■ How to complete this task ■
All of the data is to be printed exactly, though the images must be left off.

■ Given data ■
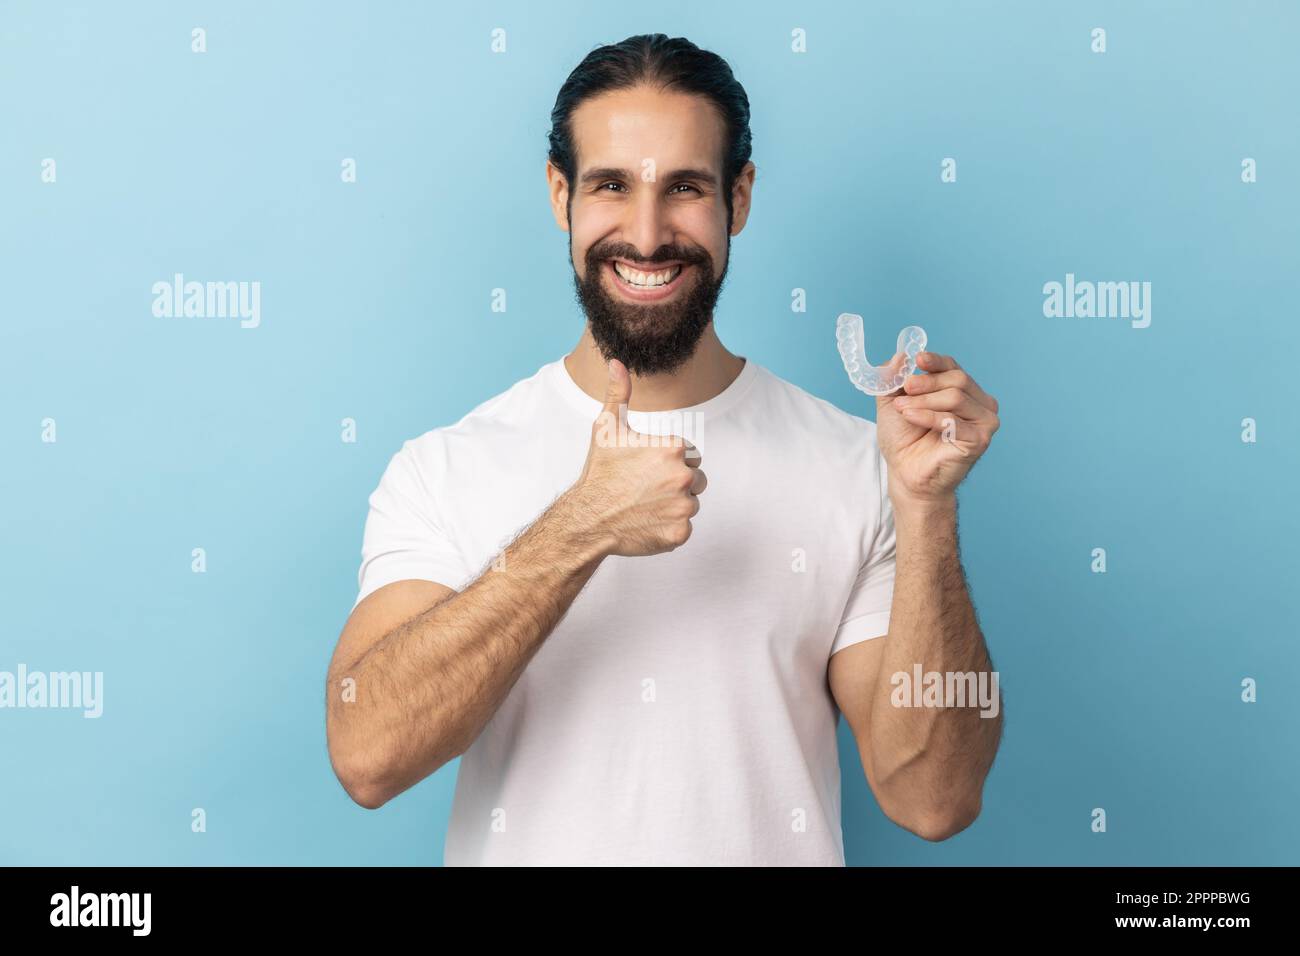 Ritratto dell'uomo con barba che indossa una T-shirt bianca che tiene il fermo dell'allineatore dentale, clinica dentale per i bei denti, mostrando il pollice in alto. Studio in interni isolato su sfondo blu. Foto Stock
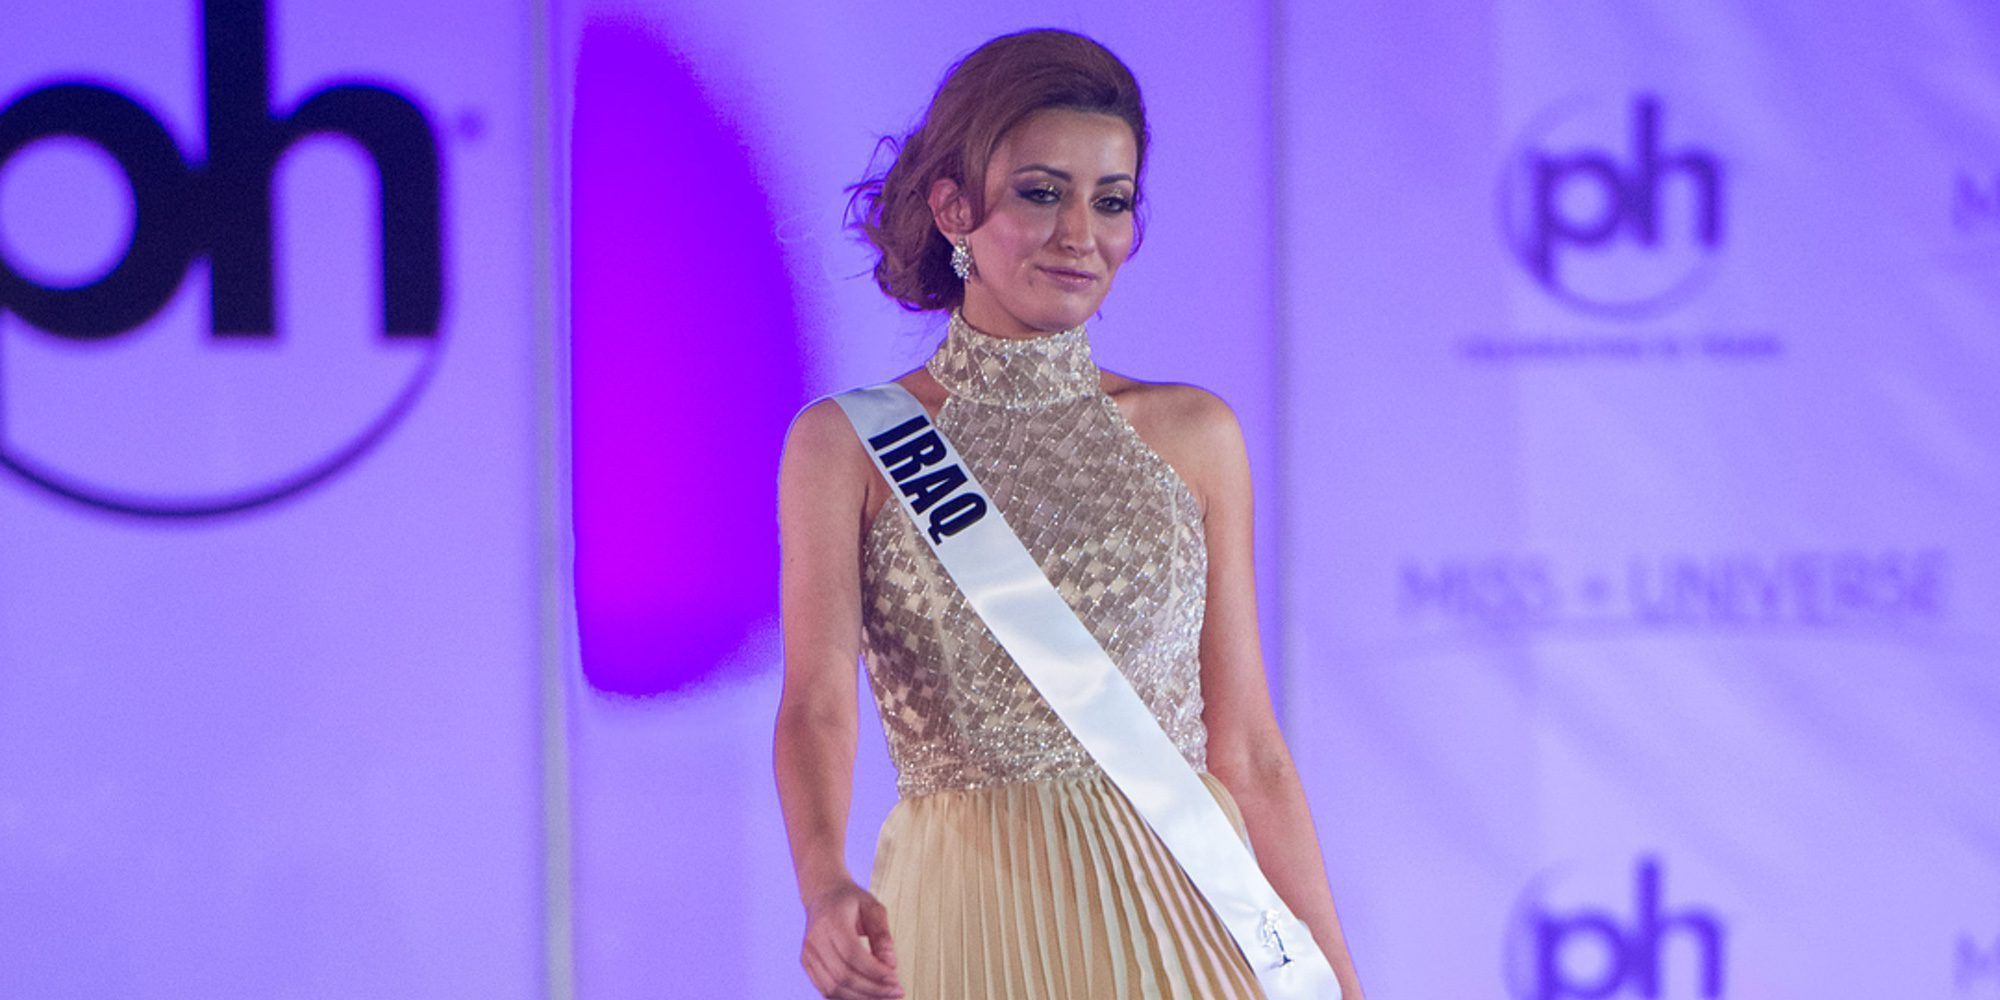 Miss Irak, exiliada después de posar con Miss Israel en una fotografía
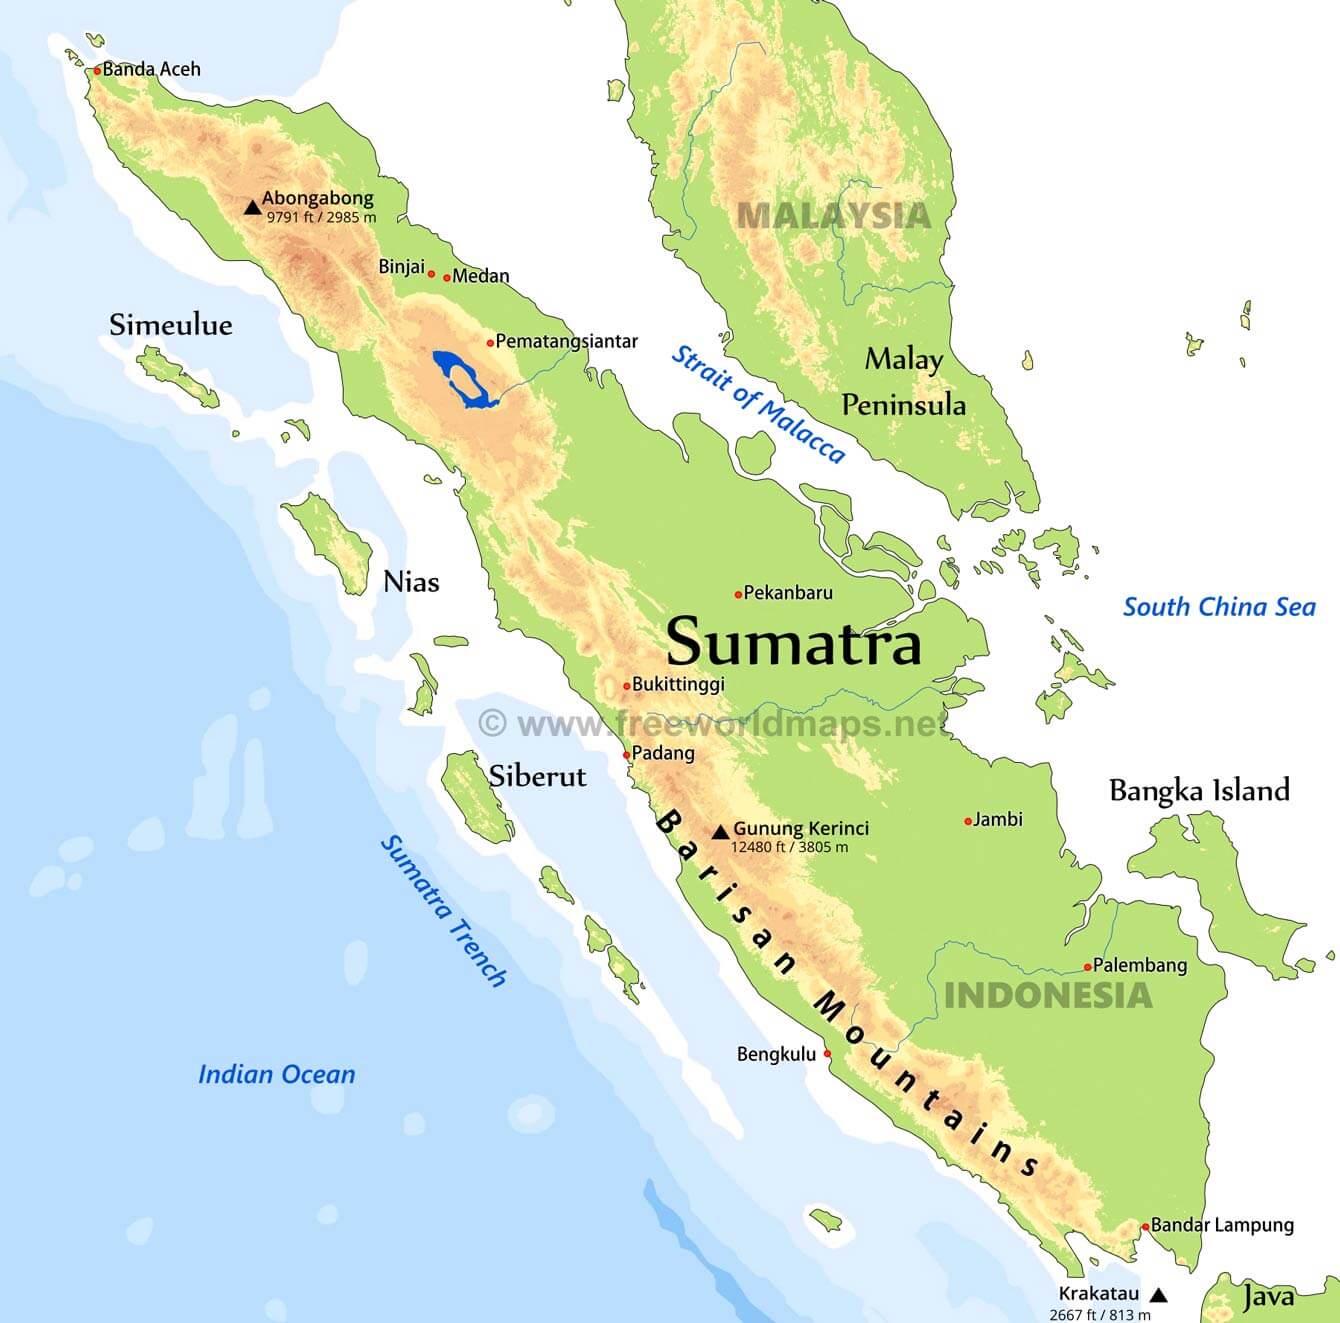 Sumatra PDF 3.5.1 instal the new

■ Exercise result ■
 Ritratto dell'uomo con barba che indossa una T-shirt bianca che tiene il fermo dell'allineatore dentale, clinica dentale per i bei denti, mostrando il pollice in alto. Studio in interni isolato su sfondo blu. Foto Stock
 Miss Irak, exiliada después de posar con Miss Israel en una fotografía
 Sumatra PDF 3.5.1 instal the new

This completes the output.